For its beef stew, Betty Moore Company uses aluminum containers that have the form of right circular cylinders.

Let's make the assumption the the thickness of the material is the same for all portions of the right cylinder. "Constructed using the least amount of metal" then means to minimize the surface area. So, step 1 is to write an equation for the surface area using the variables given ("r" and "h").

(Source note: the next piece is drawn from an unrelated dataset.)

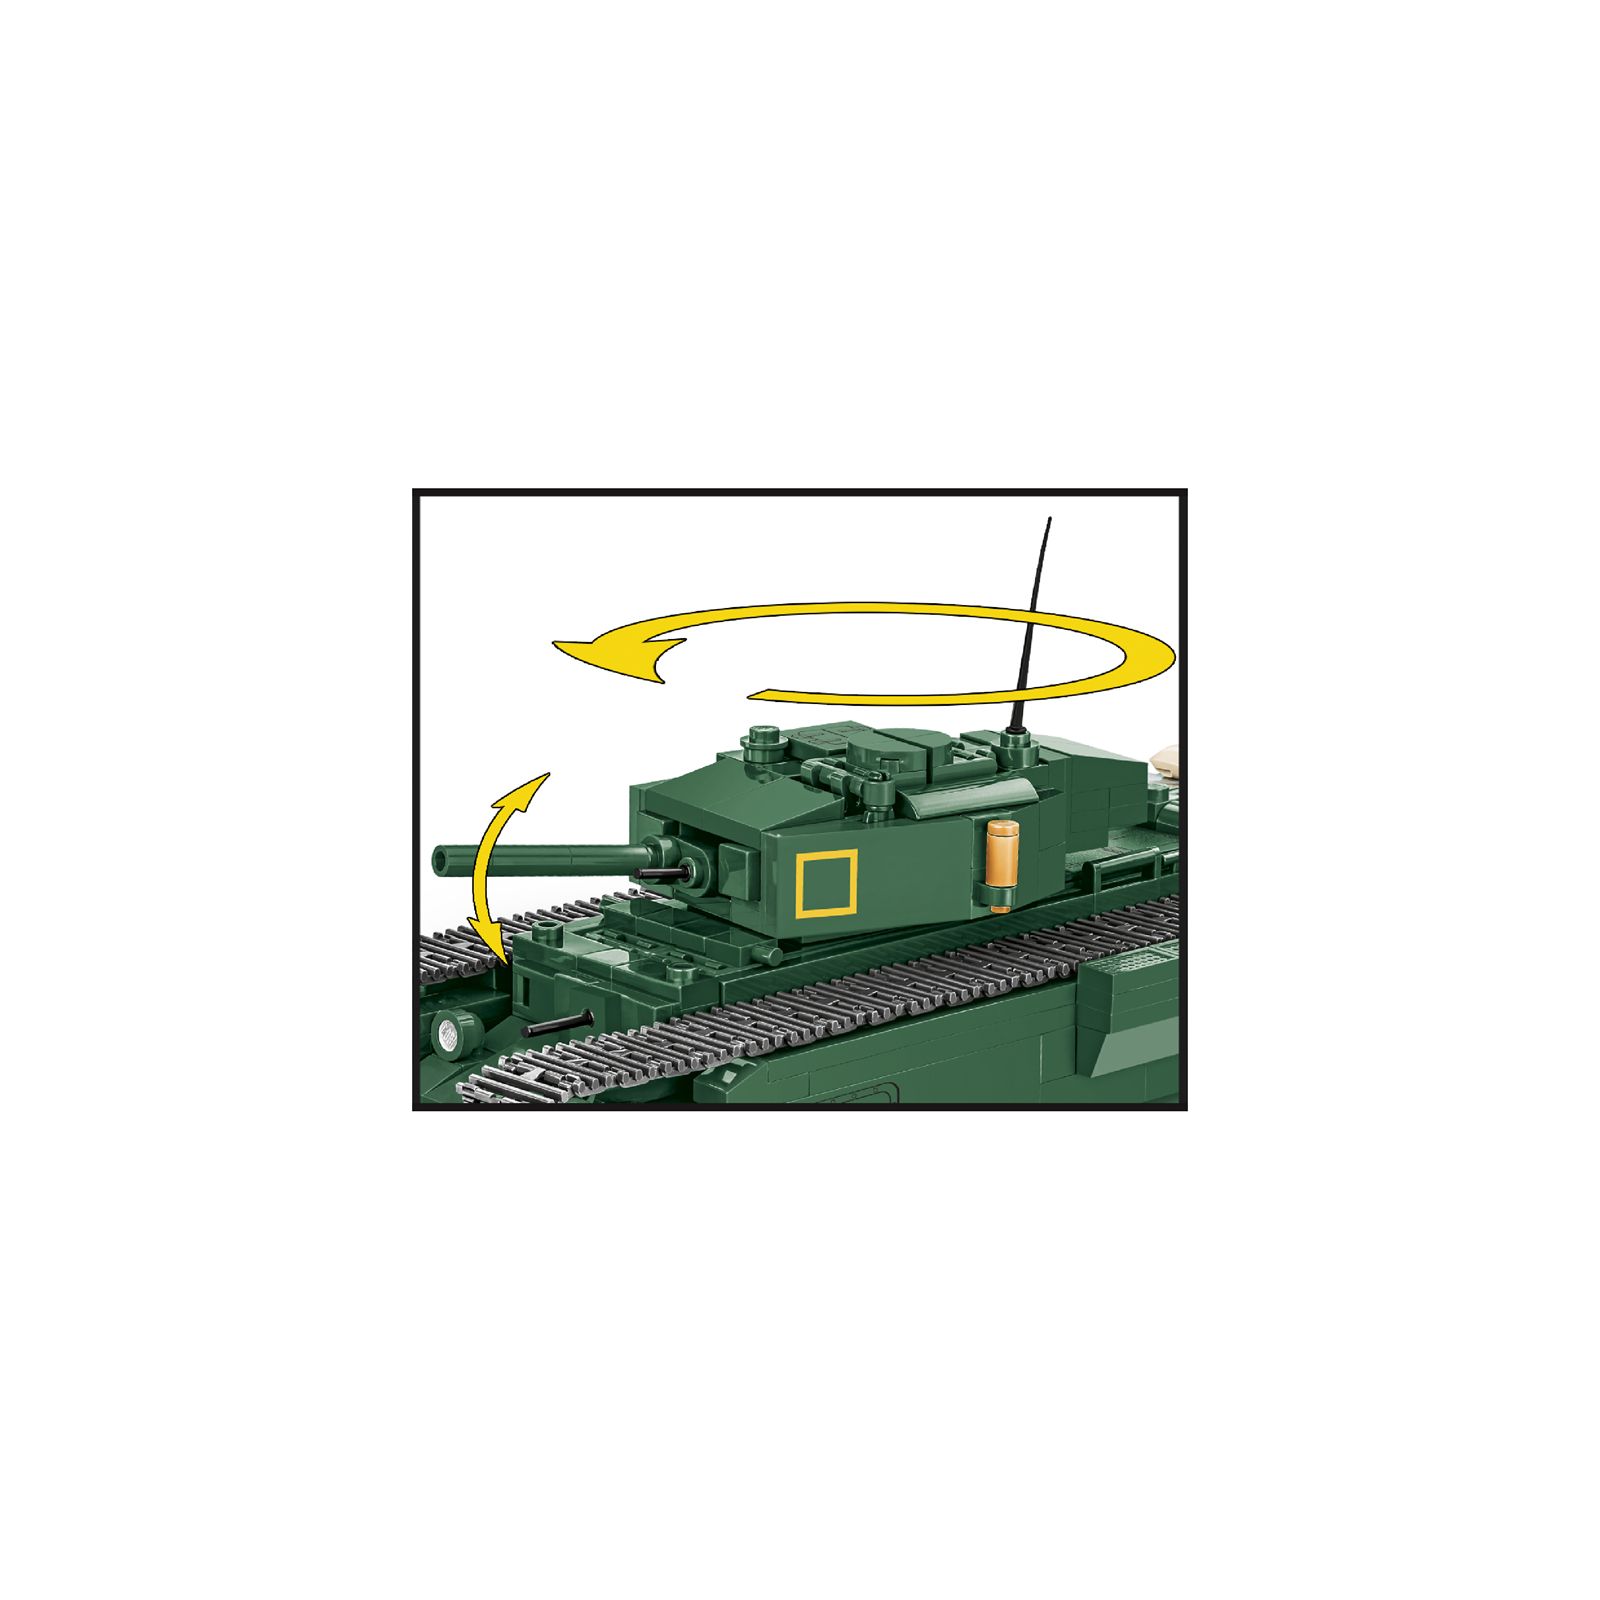 Конструктор Cobi Company of Heroes 3 Танк Mk III Черчилль, 654 деталей (COBI-3046) изображение 5

SA = surface area of top and bottom + surface area of sides

SA = 2(πr²) + (2πrh)

We are given information that the volume of the can MUST be 39 in³ and volume is πr²h so

V = πr²h

39 = πr²h

h = 39/(πr²)

We can now plug in "39/πr²" in place of "h" in our surface area equation:

SA = 2πr² + 2πr*(39/πr²)

SA(r) = 2πr² + 78/r

SA(r) = 2πr² + 78r^-1

Or, as requested in one of the questions, f(r) = 2πr² + 78r^-1

To minimize, take the derivative and set it equal to find the minimum:

SA'(r) = 4πr - 78r^-2 (using the power rule)

SA'(r) = 4πr - 78/r²

0 = 4πr - 78/r²

0 = 2πr³/r² - 39/r²

0 = 1/r²(2πr³ - 39)

1/r² cannot contribute to making this expression equal zero although critical points also occur when the derivative is not defined. However, in this case, that would be when r = 0 which is not an answer that would result in a can for the stew. So we can ignore the 1/r²:

2πr³ - 39 = 0

2πr³ = 39

r³ = 39/(2π)

r = cuberoot of (39/(2π)) ≈ 1.84 inches

The domain would be the smallest "r" and the largest r. The smallest r would of course be something just slightly over zero but that would make the height really tall. So, if you think about the tallest can they could put on a shelf, maybe a height of 12 inches?? which would equate to a radius of about 1 inches. To find the largest r, you could imagine a huge "r" with an extremely small "h". How huge? Totally depends on the manufacturing process or perhaps the store shelves. I'll let you answer that. Maybe 6 inches or so ????

As far as a function of "h" in terms of "r", we did that with h(r) = 39/(πr²)